How is this to be explained? Part of the answer may lie in the fact that the Communists, unlike the Nazis, talk the language of the west. They speak of brotherhood, not of the “leadership” principle. They offer peace, not war. Another partial answer may be that Communism, in attacking wealth and property, stirs an uneasy chord in the Christian soul brought up to believe that you cannot serve God and mammon. But possibly the chief explanation of the West’s strange weakness in the secular struggle against Communist ideas lies in the fact that for a considerable part of the time that has passed since Marx first published his challenge in 1848, the Western world has unconsciously acted and thought as though some of Marx’s fundamental ideas were true. This is the greatest paradox of all. During many decisive decades, the Western peoples, the supposed prophets of idealism and freedom, acted and thought as though they had become economic determinists. The argument was forever recurring in a context shaped not by the West but by Marx.

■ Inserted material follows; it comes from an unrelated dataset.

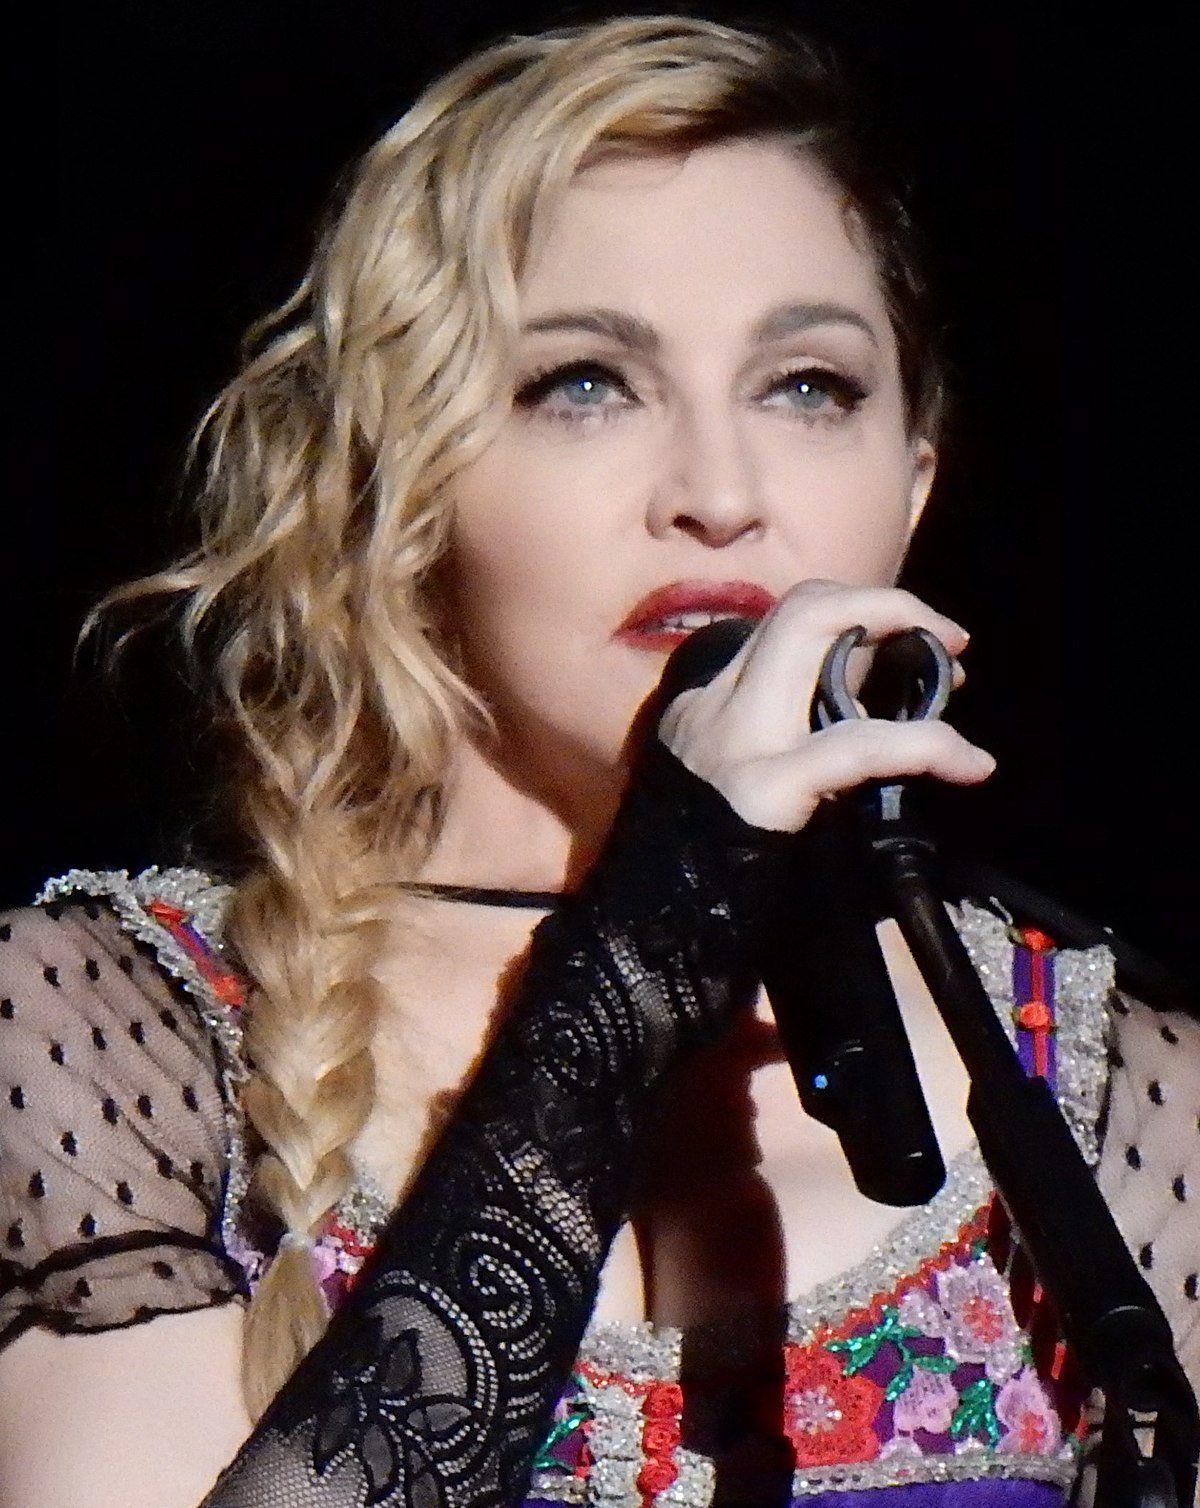 Kevlar reccomend Madonna losing virginity experiences

In theory, this should never have occurred. The starting point of most philosophical and political systems is their view of the nature of man, and the gap between the Marxist and the Western view of human nature could hardly be more wide. From Marx’s fundamental view of man as a mere center of physical energy reacting to a physical environment must flow a doctrine of complete historical and economic determinism. From Marx’s notion that only the unequal distribution of physical assets — private property — creates any dynamism, contradictions, or problems in society must follow the extraordinary indifference of Marxists to problems of a political and moral nature. The attitude apparently is that once private ownership is abolished by inexorable economic forces, political liberty and moral order will look after themselves.

But for the West, man is a divided nature, part reason and spirit, part body and instinct. Reason and spiril give him free choice and moral responsibility. Therefore, no economic and historical fatalism hems him in. He can rise above both his interests and his environment. But these interests and these instincts, the pressure of passion and desire, can also dominate him. he can become “determined” by being a slave of his own cravings. Worse still, there is no system he cannot corrupt, just as there is none that he cannot transcend. In Western thought, therefore, immense emphasis has been placed upon political order and moral discipline to keep in check the unruly side of man.

Above all, Western thought has never been incurably naive (as are the Marxists) about the problem of power. The essence of political order in the West has been the attempt to prevent the concentration of power in a single fallible human instrument. Yet for Marx the West’s constitutional effort, the struggle for the rule of law, the teaching of moral responsibility, were no more than “bourgeois shams,” designed to hide the naked exploitation and the private concentration of wealth upon which the system was allegedly based.

From the day Marx launched his new evangel, there was plenty of evidence to confound the Marxists and to confirm the correctness of the Western view. The supposed fatality of history was tempered again and again by the political and moral actions and decisions of the West. Marx foresaw nothing but slumps, growing misery for the workers, colonial and imperial exploitation, further concentrations of ownership, all unfolded by the inexorable dialectic of history. The Western world immediately demonstrated that freedom of choice and policy and the effectiveness of political and moral action were undiminished. Trade unions began to grow in strength and responsibility and to secure more, not less, wealth for the workers; working conditions were protected by legislation; the concept of the welfare state began to grow; taxation created a new pattern of distribution; reforming spirits were at work in factories and slums; and popular education began a slow revolution from below. Western society refused to conform to any set predictions. The thrust of liberty, of free choice, of moral and political responsibility, went on.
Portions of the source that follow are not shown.